This topic provides an overview of the Security Analytics Core database. The Security Analytics Core services contain a proprietary database developed specifically for use within the Security Analytics suite of products. It bears little resemblance to traditional relational databases, and is not based on any off-the-shelf database technology. As such, many users find that there is a steep learning curve to understanding how the Core database works, and how to make best use of it. The purpose of this guide is to help Security Analytics users understand the database and use it to its fullest potential.
As a System Administrator, you can use this information to help plan your Security Analytics deployment, and to tune it for best performance. As an Analyst, you can use this guide to structure your analysis in ways that will return reports faster. As a Content Developer, you can use this guide to help write content that will be processed efficiently by the database system.
Security Analytics Products Covered by this Guide
This guide covers the capabilities of Security Analytics 10.6. The following Security Analytics components contain the Core database:
- Log Decoder
Definitions for terms that are used throughout this document are presented here. The terms are listed in the order in which they enter the Security Analytics system:
- Packet DB: The packet database contains the raw captured data. On a Decoder, the packet database contains packets as captured from the network. Log Decoders use the packet database to store raw logs. The raw data stored in the packet database is accessible by a Packet ID, however, this ID is typically never visible to the end user.
- Packet ID: A number used to uniquely identify a packet or log in a packet database.
- Meta DB: The meta database contains items of information that are extracted by a Decoder or Log Decoder from the raw data stream. Parsers, rules, or feeds can generate meta items.
- Meta ID: A number used to uniquely identify a meta item in the meta database.
- Meta Key: A name used to classify the type of each meta item. Common meta keys include ip.src, time, or service.
- Meta Value: Each meta item contains a value. The value is what each parser, feed, or rule generates.
- Session DB: The session database contains information that ties the packet and meta items together into sessions.
- Session: On a packet Decoder, a session represents a single logical network stream. For example, a TCP/IP connection is one session. On a Log Decoder, each log event is one session. Each session contains the references to all the Packet IDs and Meta IDs that refer to the session.
- Session ID: A number used to uniquely identify sessions in the Session DB.
- Index: The index is a collection of files that provides a way to look up Session IDs using Meta Values.
- Core Database: This refers to the combination of the Packet, Meta, Session, and Index.
For syntax definitions, this document uses EBNF grammar definitions.
Security Analytics Core Database History
NetWitness developed the Security Analytics Core database for use in packet capture systems. Early in the history of NetWitness, developers identified that existing database technologies would not be able to keep up with the high ingest rate inherent in full packet capture. Contemporary database technologies were not anywhere close to being able to keep up with capturing the number of sessions received every second, much less sorting every packet. Likewise, the volume of data meant that packet storage would need to be discarded and reused just as quickly as it was consumed. This was also a weakness of databases at the time. Thus, NetWitness created a database consisting of the packet, session, and meta databases.
In order to provide the analytical capabilities of NetWitness Investigator, a meta index was added to the NetWitness database. The index shared the same design goals as the original databases.

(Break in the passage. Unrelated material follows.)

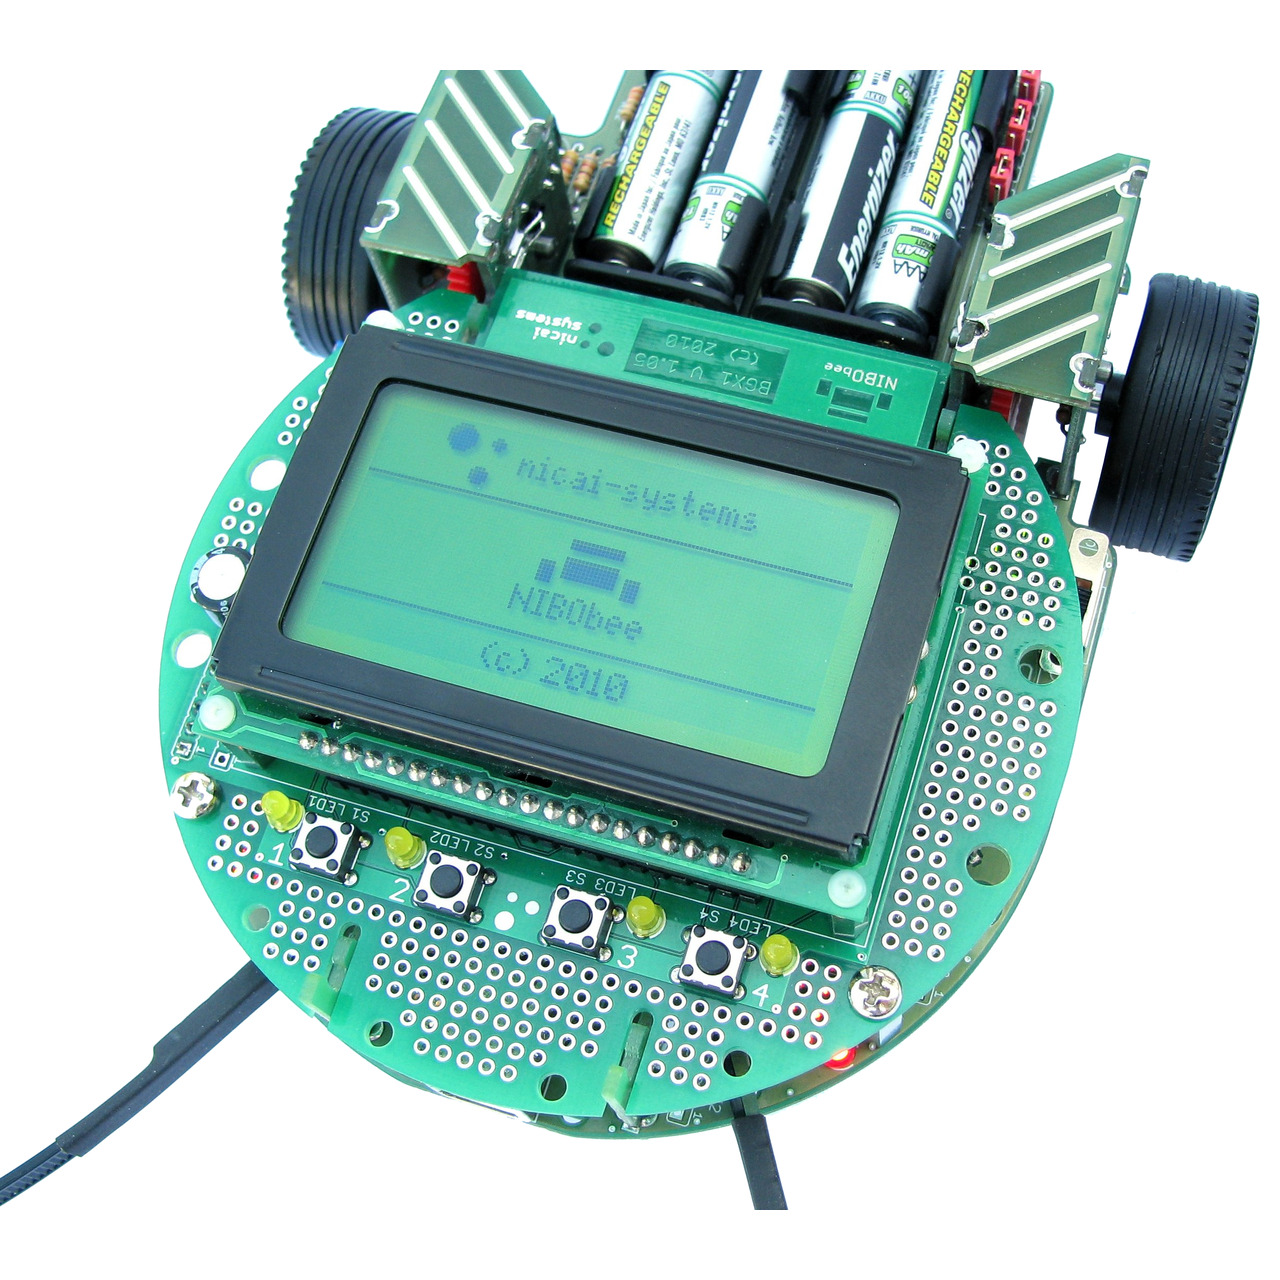 nicai systems Grafik-Display BGX1 Erweiterung fund-252 r NIBObee

It was designed to sustain a very high insert rate into a high number of very large indices.
The index has evolved considerably over the years. Early versions of the index were only capable of providing summary estimates about how many unique meta values were present in the meta database. Other versions have had great challenges in meeting acceptable query performance. For example, NetWitness 9.0 more frequently measured report times in minutes rather than seconds. The current version of the index is derived from the NetWitness 9.0 index, but has evolved considerably in order to meet performance expectations and to add new features.
Core Database Strengths and Weaknesses
- High sustained insert rates, without needing down time for bulk inserts.
- Decent query performance simultaneous with high insert rates.
- Automatic cleanup and rollover of old data with minimal fragmentation.
- Extremely high number of meta value indices: more than 100 enabled by default on a Concentrator.
- Ability to scale to Petabyte database sizes and Terabyte index sizes within a single node.
- Using meta key-value pairs, it is very flexible for storing arbitrary meta items within a session. Thus a session can be used to represent nearly any kind of data record.
- The query functionality is limited and low level.
- The packet, meta, and session DB schema is fixed, and all customization is done through custom meta keys and values.
- The database provides no transaction atomicity guarantees as you might expect to find in a SQL database.